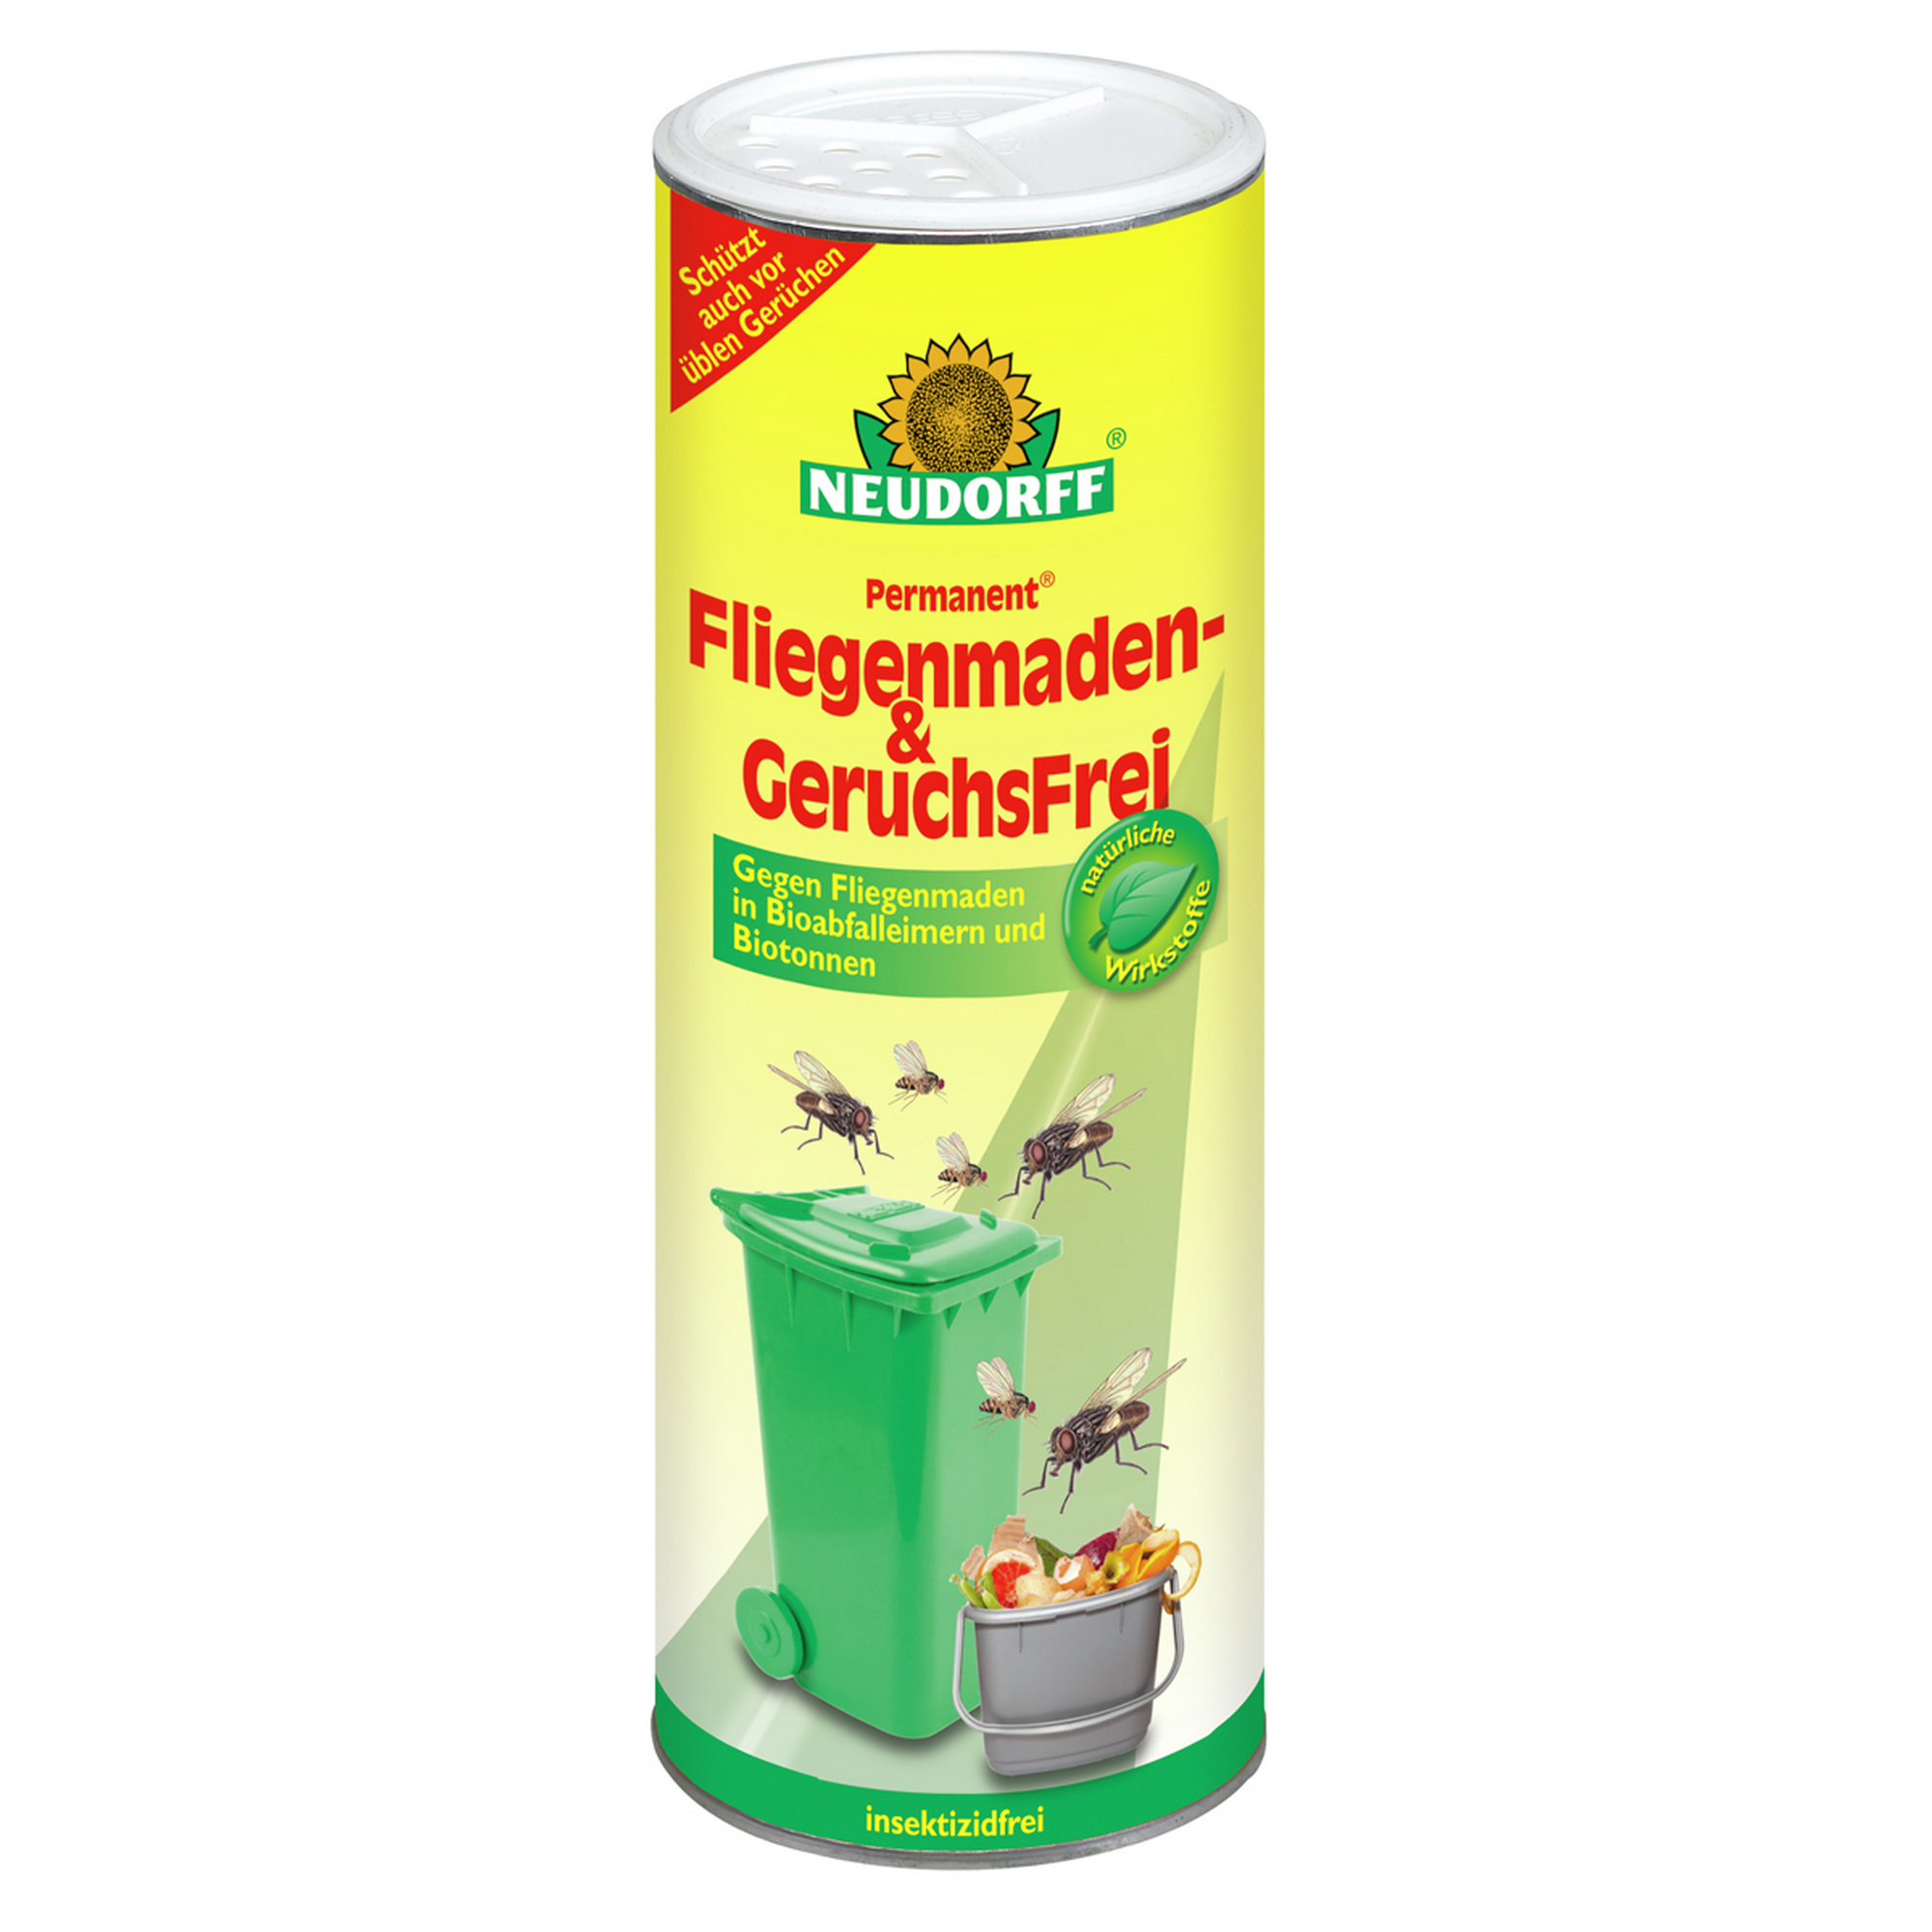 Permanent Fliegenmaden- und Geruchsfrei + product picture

--

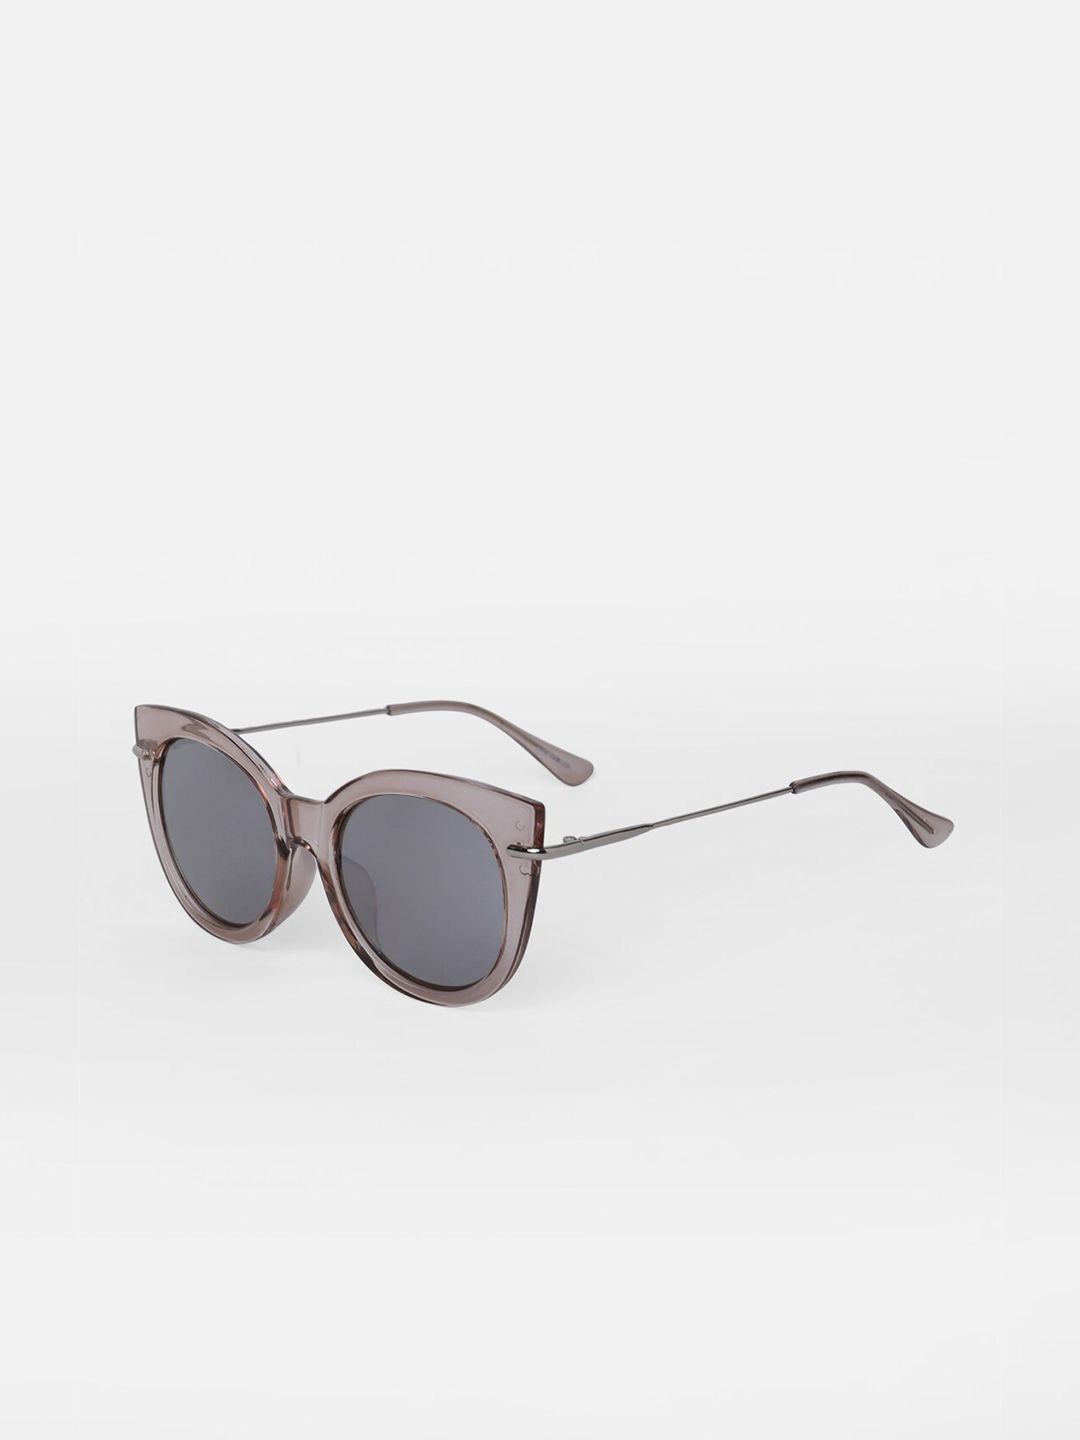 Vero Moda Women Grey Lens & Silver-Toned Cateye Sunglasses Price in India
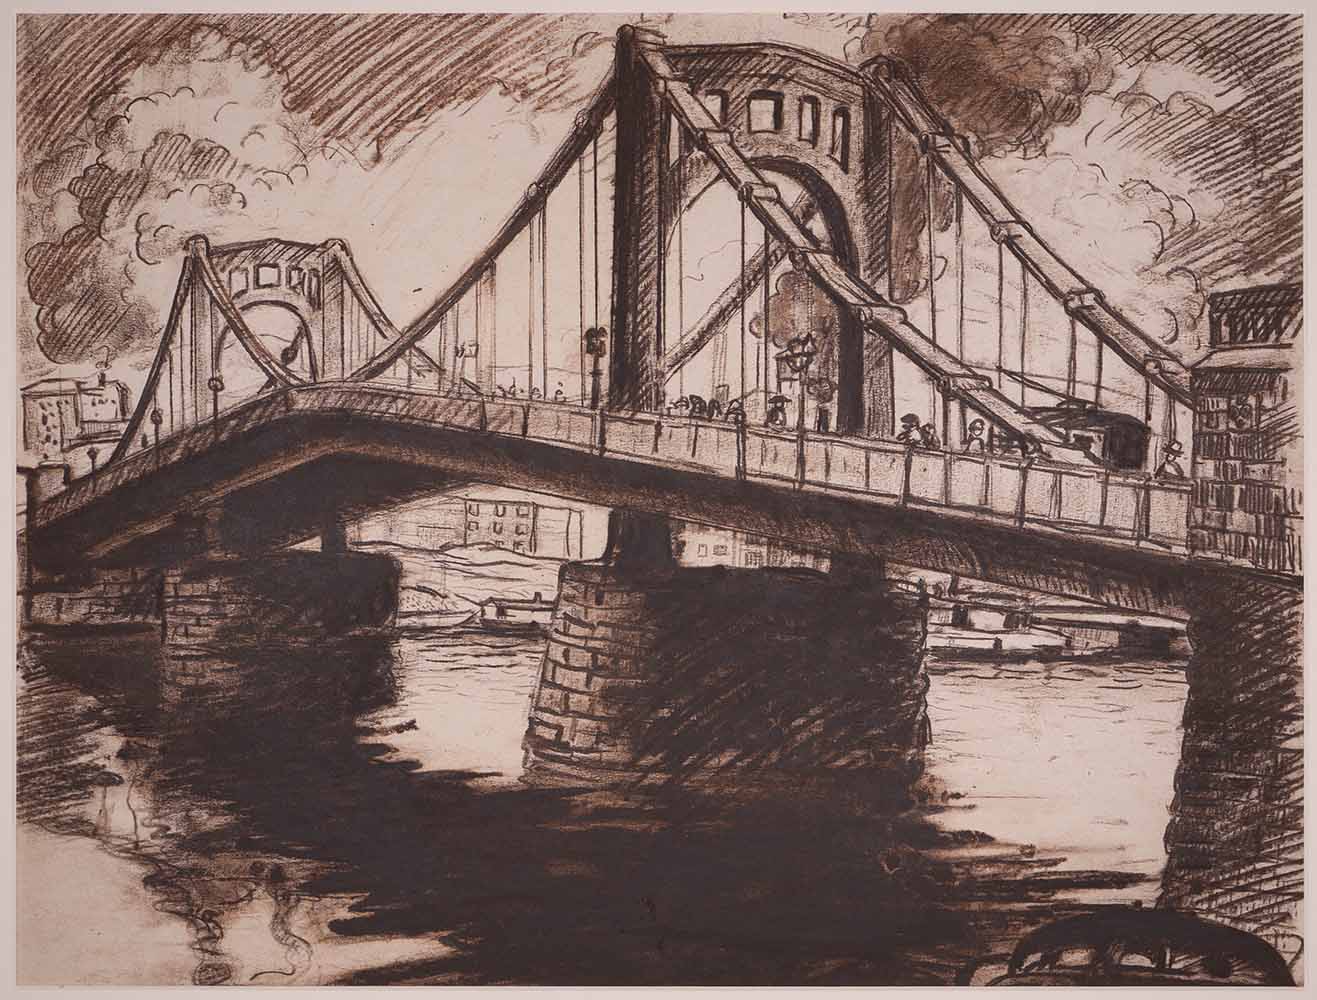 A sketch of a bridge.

WORK ORDER: What are the lines above from the one with "Vero Moda Women" to the one with "A sketch of a bridge.", both included? Reproduce them exactly, without pictures.

TASK ANSWER:
 Vero Moda Women Grey Lens & Silver-Toned Cateye Sunglasses Price in India
 A sketch of a bridge.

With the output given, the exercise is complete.